Connect with us
  • Elysium

Neuropsychology news

Impact of gaming on wellbeing explored

International study looks at impact of digital stressors on young people aged between ten and 24



The impact of gaming on the wellbeing of young people is to be analysed in a new international study. 

Focusing on adolescents aged ten to 24 years, the research will examine how our rapidly-changing society has created additional digital stressors. 

As the digitalisation of information continues at pace, accelerated by the pandemic, the 24/7 information overload has adversely impacted some members of society.

The research – by scientists from Heriot-Watt University, alongside partners at the University of Edinburgh and a European consortium led by FTK (Forschungsinstitut für Telekommunikation und Kooperation) – will be one of the most comprehensive studies to date into how digital technologies impact on young people’s health.

Experts from psychology and engineering specialties will work alongside clinicians and gaming experts, to develop ways to measure the impact of both direct and indirect stressors. 

These include 24/7 news cycles, world events, social media and cyberbullying. The team will use gamification techniques to explore ways to help practitioners and individuals to process these stressors and manage their wellbeing.

The €6M project is funded by Horizon Europe with just under €1M of the total funding supporting the UK research partners. Similar pilot studies will take place in Germany, Italy, Spain, Slovenia, Cyprus and Poland using the same approach. 

It is anticipated the new research will help practitioners and individuals to better monitor and manage emotional wellbeing in young people.

Dr Mel McKendrick, from Heriot-Watt University, explains: “Digital transformation has been heralded as one of the greatest achievements of recent times but as psychologists, clinicians, parents and individuals, we’re still exploring its impact. 
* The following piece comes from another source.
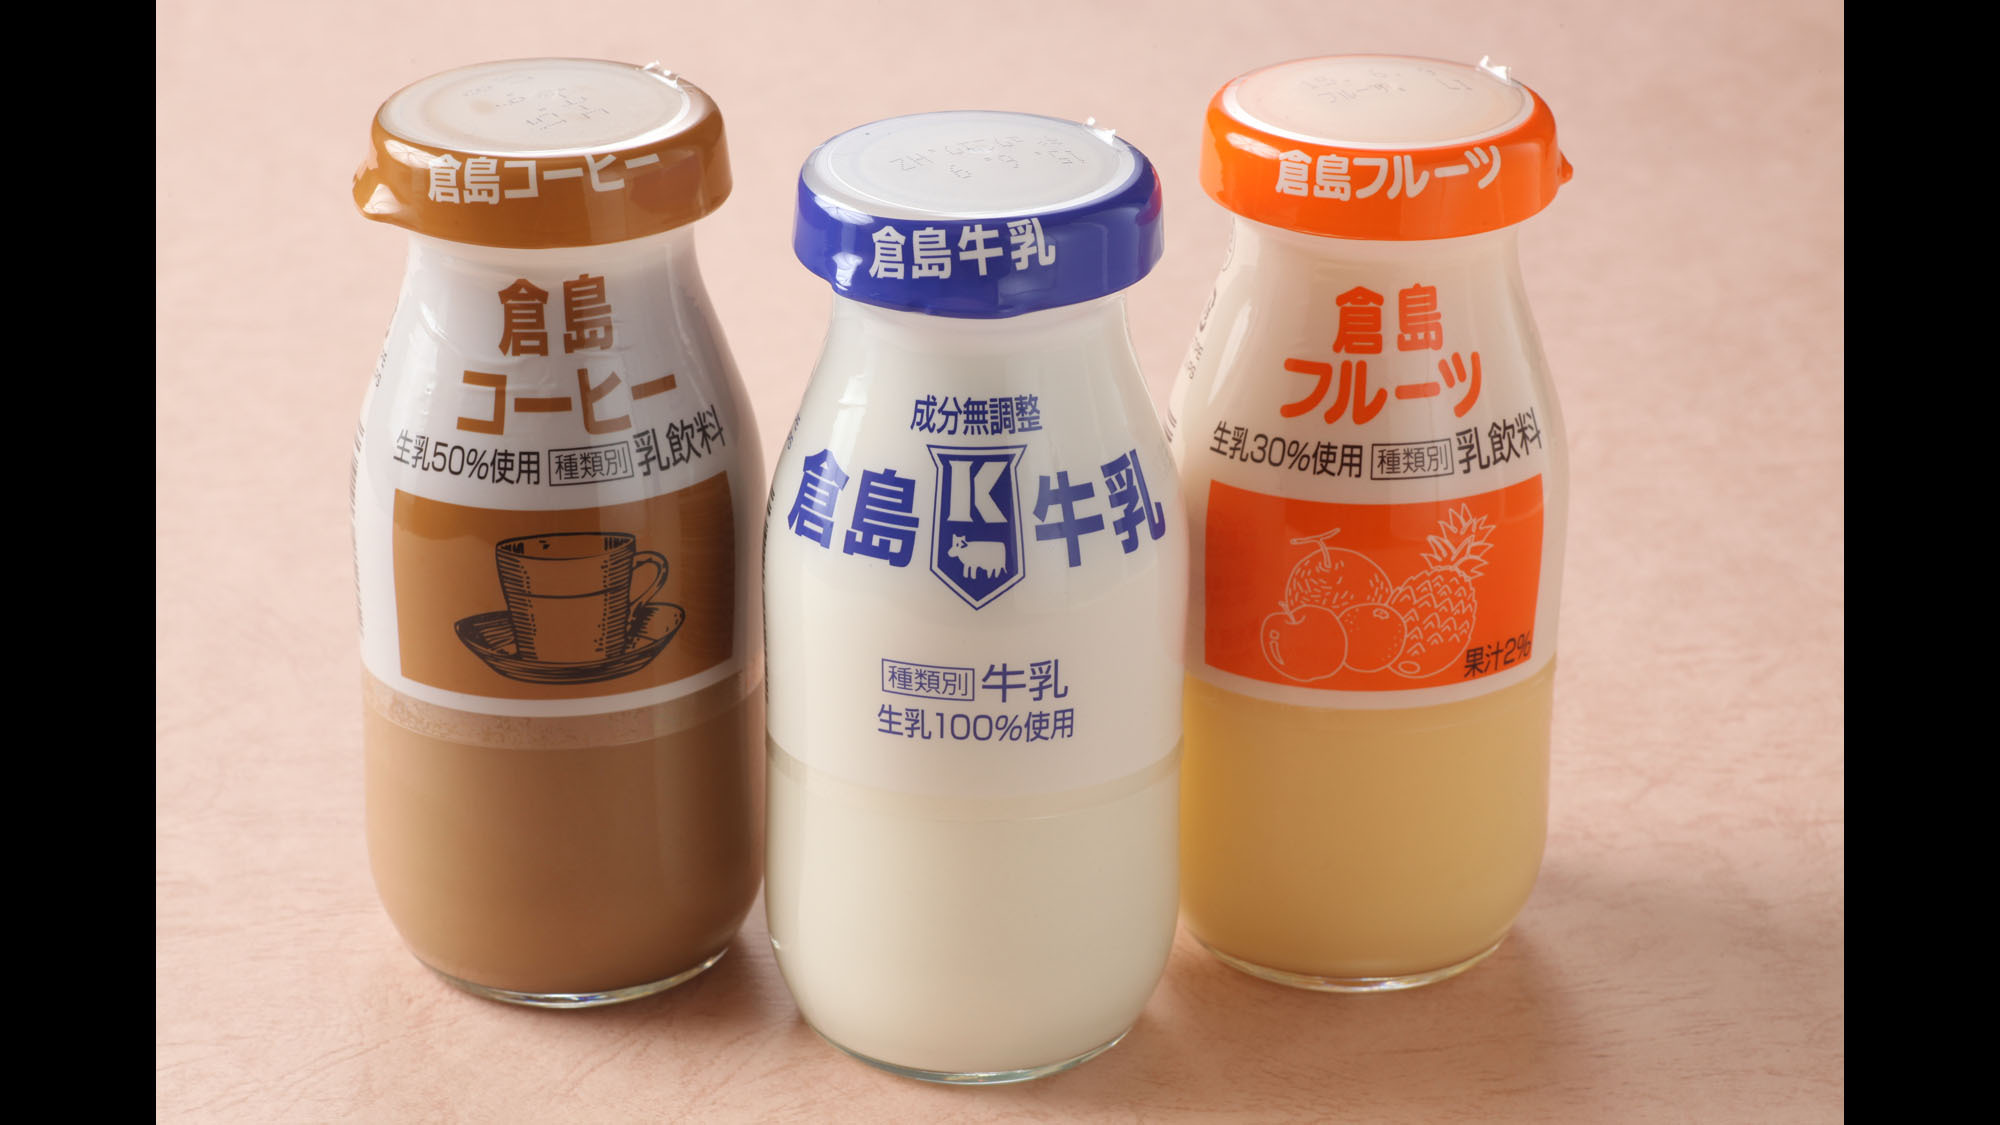 【倉島牛乳】岩内で製造されています。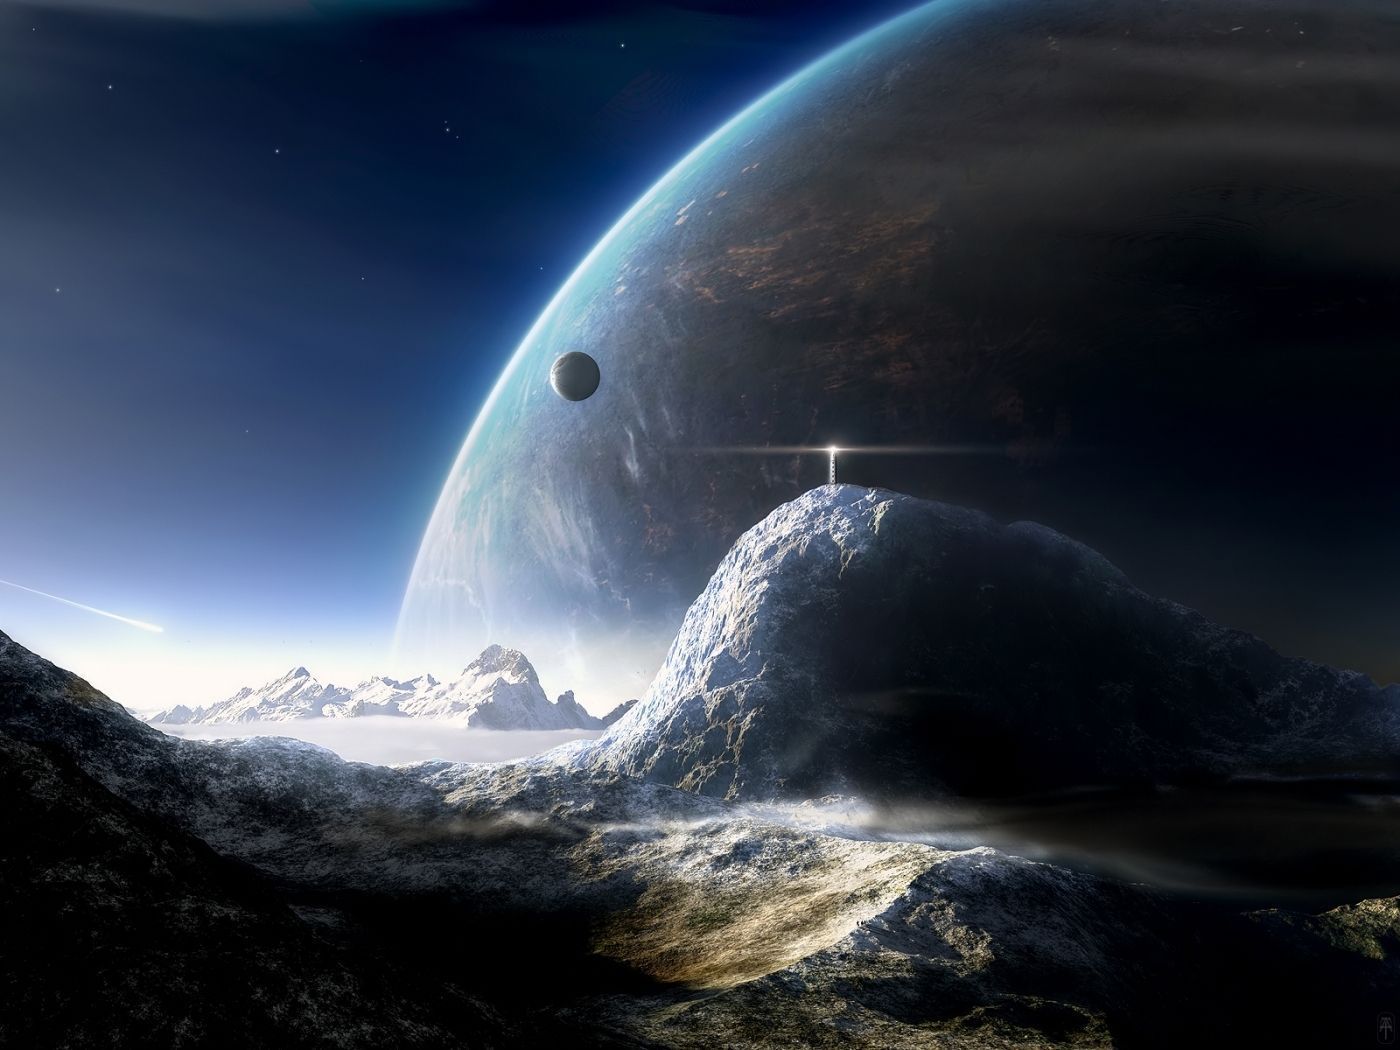  Beste Der Welt Hintergrundbild 1400x1050. Hintergrundbild für Handys: Universum, Planets, Fantasie, 38365 Bild kostenlos herunterladen

“This study will examine stress from digitalisation, looking at it from the user’s perspective to better understand changes in mental state, treatment and self-management. 

“It is difficult for clinicians to monitor fluctuations in mental health and therefore accurately diagnose conditions in some cases. Meanwhile, services are at breaking point. 

“We want to create innovative methods using gamification to better inform ways to support young people living in Scotland initially before helping to shape wider work across the UK.”

Dr Theodore Lim, from Heriot-Watt University, continues: “This collaboration between psychology and engineering will use gamification such as a mobile app game to capture neurological sequences in young people. How they play the game will inform us about their mental well-being and can track their response over time to deliver trends and patterns. 

“The data will be fed into a hub with an AI to analyse it. Clinical and user input will be essential throughout the study to improve the game and identify the correct classifiers.”

Ensuring young people are engaged in the game and that participation is positive will be essential requirements of the study’s success so the team will build it using focus groups and discussions with young people and social networks. The clinical team will work with schools and universities to help involve children on a voluntary basis.

Results will be released as an open knowledge database for clinicians and researchers to feedback on and analyse.

The Heriot-Watt team will work with gaming company Neuromedia and clinicians from the University of Edinburgh with the findings initially informing approaches in Scotland before widening out the study’s impact to the rest of the UK.